‘Mobilizing Racial Solidarity’:| ‘West Papuan campaign for decolonization and African support at the United Nations, 1961-1969’

29 do
Datum
29 november 2018
Vanaf
15:30
tot
17:00
Adres
Leiden

Emma Kluge (University of Sydney)

29 November 2018, 15:30-17:00,  Johan Huizinga Building, Doelensteeg 16, 2311 VL Leiden, Conference room (2.60)

Abstract

From 1963 to 1969, West Papuan activists waged a war of words at the United Nations to petition for self-determination and an independent state. Although decolonisation had led to the creation of scores of newly independent nation states, West Papua’s claim was blocked by Indonesia’s campaign to incorporate the territory into its newly independent republic. With no regional allies at the General Assembly, West Papuan independence advocates turned to African leaders for support, attempting to widen pan-Africanism and the map of Black solidarity to include the Black Pacific. West Papuans attempted to build racial solidarity with African leaders, while also campaigning more generally at the United Nations reworking and adopting the language and agendas of the UN to further their political struggle for self-determination.

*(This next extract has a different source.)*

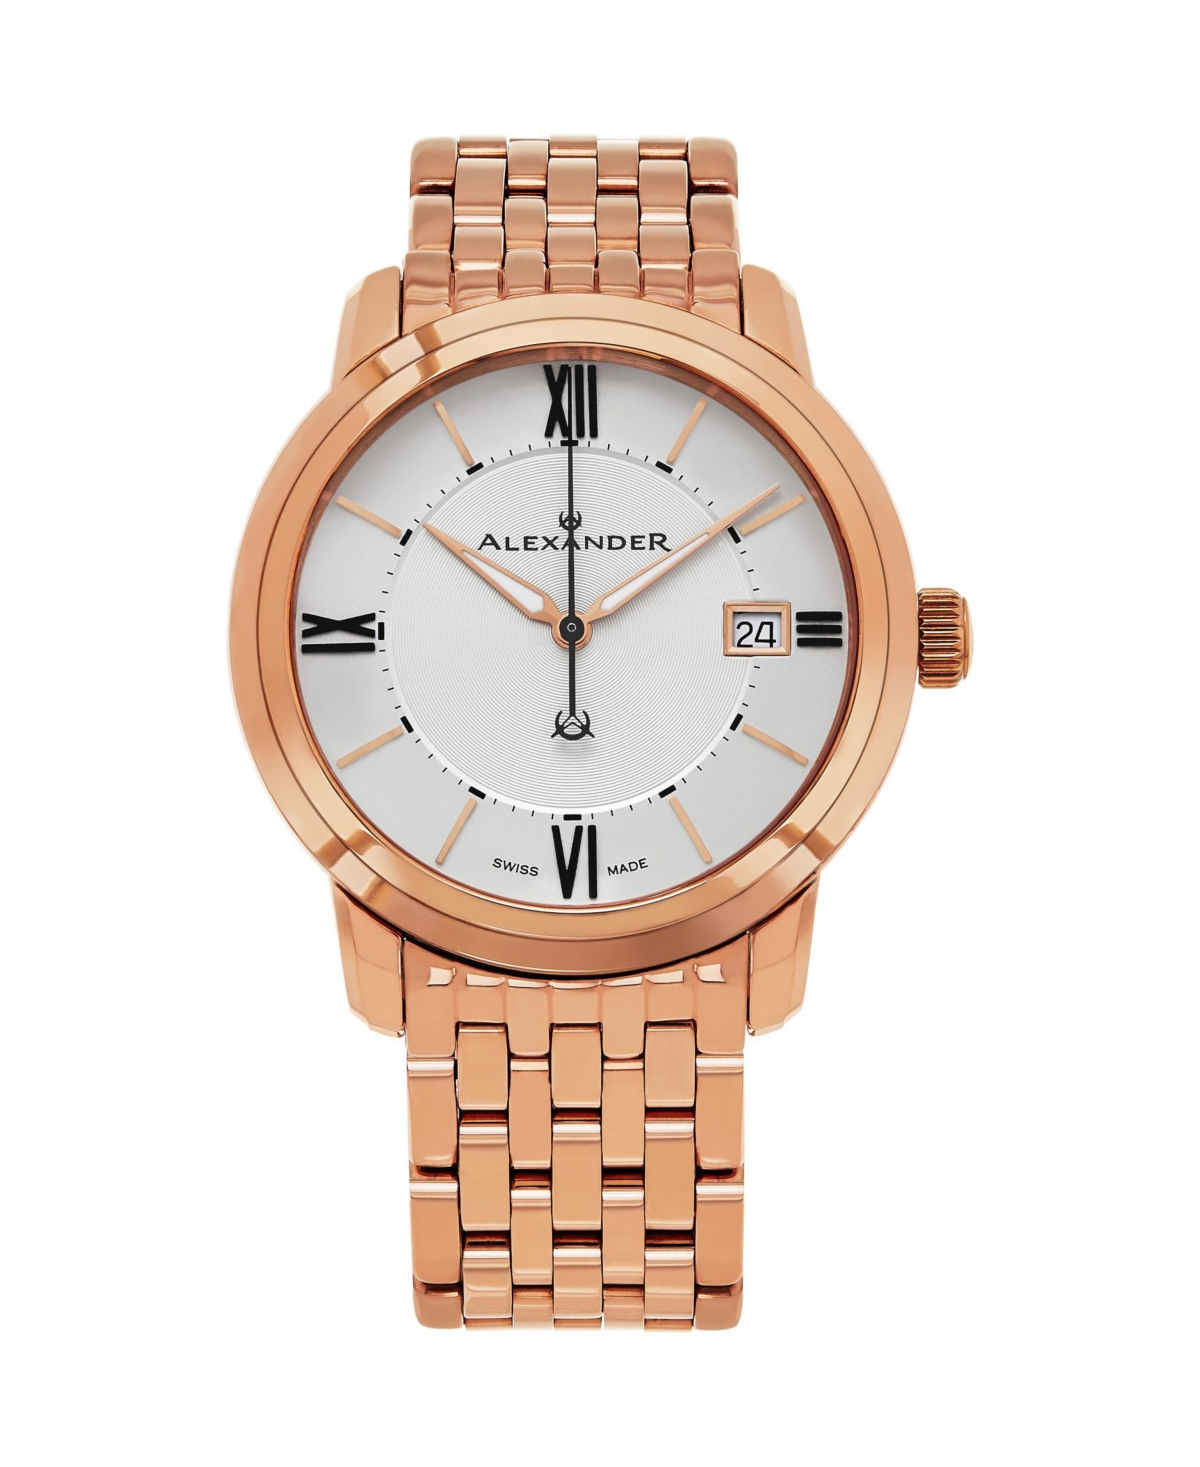 Alexander Watch A111B-08, Stainless Steel Rose Gold Tone Case on Stainless Steel Rose Gold Tone Bracelet - Rose Gold

Kluge argues that although this campaign did not result in West Papuan independence, viewing decolonization from West Papua demonstrates the limits of self-determination and racial solidarity. It reveals how the lack of political and cultural knowledge at the UN about the Pacific Islands, coupled with the wealth of natural resources in this region, made decolonization in the Pacific vulnerable to colonization by neo-colonial powers like Indonesia.